Cor test between Airport and RoomRent

cor.test(hot1$RoomRent,hot1$Airport)
## 
##  Pearson's product-moment correlation
## 
## data:  hot1$RoomRent and hot1$Airport
## t = 5.7183, df = 13230, p-value = 1.099e-08
## alternative hypothesis: true correlation is not equal to 0
## 95 percent confidence interval:
##  0.03264192 0.06663581
## sample estimates:
##        cor 
## 0.04965324

Cor test between StarRating and RoomRent

cor.test(hot1$RoomRent,hot1$StarRating)
## 
##  Pearson's product-moment correlation
## 
## data:  hot1$RoomRent and hot1$StarRating
## t = 45.719, df = 13230, p-value < 2.2e-16
## alternative hypothesis: true correlation is not equal to 0
## 95 percent confidence interval:
##  0.3545660 0.3839956
## sample estimates:
##       cor 
## 0.3693734

Cor test between HotelCapacity and RoomRent

cor.test(hot1$RoomRent,hot1$HotelCapacity)
## 
##  Pearson's product-moment correlation
## 
## data:  hot1$RoomRent and hot1$HotelCapacity
## t = 18.389, df = 13230, p-value < 2.2e-16
## alternative hypothesis: true correlation is not equal to 0
## 95 percent confidence interval:
##  0.1412142 0.1744430
## sample estimates:
##       cor 
## 0.1578733

Appendix 2

T-test

T- test between RoomRent and HasSwimmingPool

2 Tail test

Ho:-There is no significant difference between the Room Rent of Hotels with swimmin pool and hotels without swimmin pool
H1:-There is a significant difference between the Room Rent of Hotels with swimmin pool and hotels without swimmin pool

t.test(hot1$RoomRent[hot1$HasSwimmingPool==0],hot1$RoomRent[hot1$HasSwimmingPool==1])
## 
##  Welch Two Sample t-test
## 
## data:  hot1$RoomRent[hot1$HasSwimmingPool == 0] and hot1$RoomRent[hot1$HasSwimmingPool == 1]
## t = -29.013, df = 5011.3, p-value < 2.2e-16
## alternative hypothesis: true difference in means is not equal to 0
## 95 percent confidence interval:
##  -5096.030 -4450.942
## sample estimates:
## mean of x mean of y 
##  3775.566  8549.052

Inference:-Since p-vale<0.05, we accept H1,hence, there is a significant difference between the Room Rent of Hotels with swimming pool and hotels without swimming pool. ####1 Tail T-Test Ho:-There is no significant difference between the Room Rent of Hotels with swimming pool and hotels without swimmin pool
H1:-The Room Rent of Hotels with swimming pool is greater than the room rent of hotels without swimming pool

t.test(hot1$RoomRent[hot1$HasSwimmingPool==0],hot1$RoomRent[hot1$HasSwimmingPool==1],alternative = "less")
## 
##  Welch Two Sample t-test
## 
## data:  hot1$RoomRent[hot1$HasSwimmingPool == 0] and hot1$RoomRent[hot1$HasSwimmingPool == 1]
## t = -29.013, df = 5011.3, p-value < 2.2e-16
## alternative hypothesis: true difference in means is less than 0
## 95 percent confidence interval:
##       -Inf -4502.814
## sample estimates:
## mean of x mean of y 
##  3775.566  8549.052

Inference:-Since p-vale<0.05, we accept H1,hence the Room Rent of Hotels with swimming pool is greater than the room rent of hotels without swimming pool.

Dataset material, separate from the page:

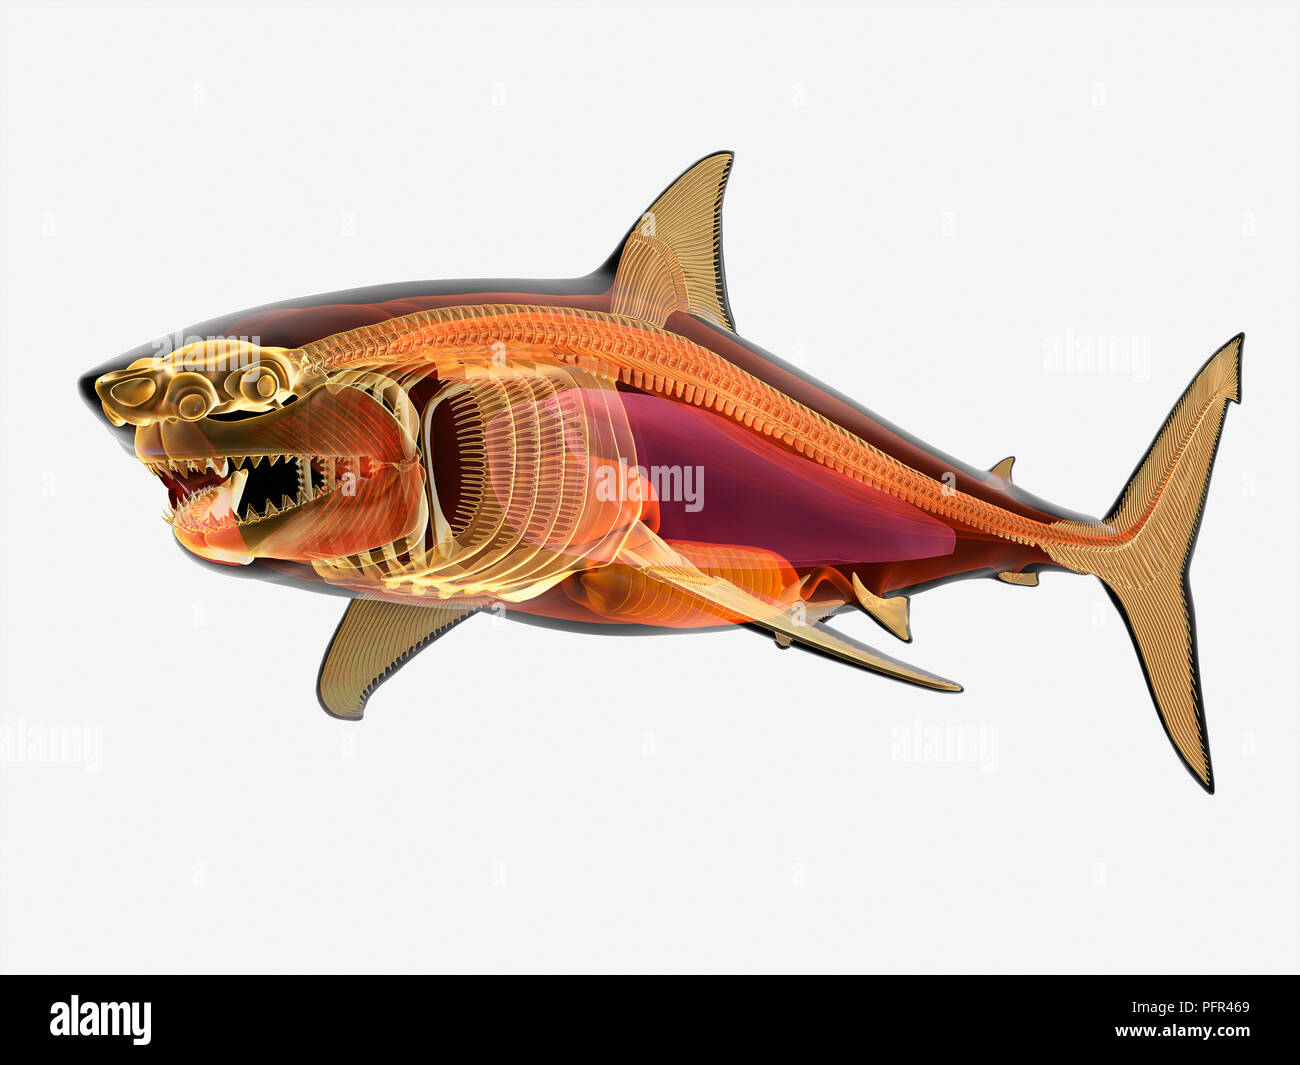 Illustration, anatomy of Great white shark (Carcharodon carcharias) Stock Photo

T-test between RoomRent and FreeWifi

Ho:-There is no significant difference between the Room Rent of Hotels providing free wifi and those which do not
H1:-There is a significant difference between the Room Rent of Hotels providing free wifi and those which do not

t.test(hot1$RoomRent[hot1$FreeWifi==0],hot1$RoomRent[hot1$FreeWifi==1])
## 
##  Welch Two Sample t-test
## 
## data:  hot1$RoomRent[hot1$FreeWifi == 0] and hot1$RoomRent[hot1$FreeWifi == 1]
## t = -0.76847, df = 1804.7, p-value = 0.4423
## alternative hypothesis: true difference in means is not equal to 0
## 95 percent confidence interval:
##  -360.5977  157.5701
## sample estimates:
## mean of x mean of y 
##  5380.004  5481.518

Inference:-Since p-vale>0.05, we accept Ho,hence there is no significant difference between the Room Rent of Hotels providing free wifi and those which do not.

T-test between RoomRent and FreeBreakfast

Ho: There is no significant difference between the Room Rent of Hotels with free breakfast and hotels without free breakfast.
H1: There is a significant difference between the Room Rent of Hotels with free breakfast and hotels without free breakfast

t.test(hot1$RoomRent[hot1$FreeBreakfast==0],hot1$RoomRent[hot1$FreeBreakfast==1])
## 
##  Welch Two Sample t-test
## 
## data:  hot1$RoomRent[hot1$FreeBreakfast == 0] and hot1$RoomRent[hot1$FreeBreakfast == 1]
## t = 0.98095, df = 6212.3, p-value = 0.3267
## alternative hypothesis: true difference in means is not equal to 0
## 95 percent confidence interval:
##  -153.5017  460.9935
## sample estimates:
## mean of x mean of y 
##  5573.790  5420.044

Inference: Since p-value>0.05, we accept H0,hence, There is no significant difference between the Room Rent of Hotels with free breakfast and hotels without free breakfast.

T-test between RoomRent and IsNewYearEve

Ho: There is no significant difference between the Room Rent of Hotels on normal Eve and New Year’s Eve.
H1: The Room Rents of Hotels on normal Eve are cheaper than that on New Year’s Eve

t.test(hot1$RoomRent[hot1$IsNewYearEve==0],hot1$RoomRent[hot1$IsNewYearEve==1],alternative = "less")
## 
##  Welch Two Sample t-test
## 
## data:  hot1$RoomRent[hot1$IsNewYearEve == 0] and hot1$RoomRent[hot1$IsNewYearEve == 1]
## t = -4.1793, df = 2065, p-value = 1.523e-05
## alternative hypothesis: true difference in means is less than 0
## 95 percent confidence interval:
##       -Inf -518.4763
## sample estimates:
## mean of x mean of y 
##  5367.606  6222.826

Inference: Since p-value<0.05, we accept H1,hence,the Room Rents of Hotels on normal Eve are cheaper than that on New Year’s Eve.

T-test between RoomRent and IsWeekend

Ho:-There is no significant difference between the Room Rent of Hotels on weekdays and weekends.
H1:-There is a significant difference between the Room Rent of Hotels on weekdays and weekends.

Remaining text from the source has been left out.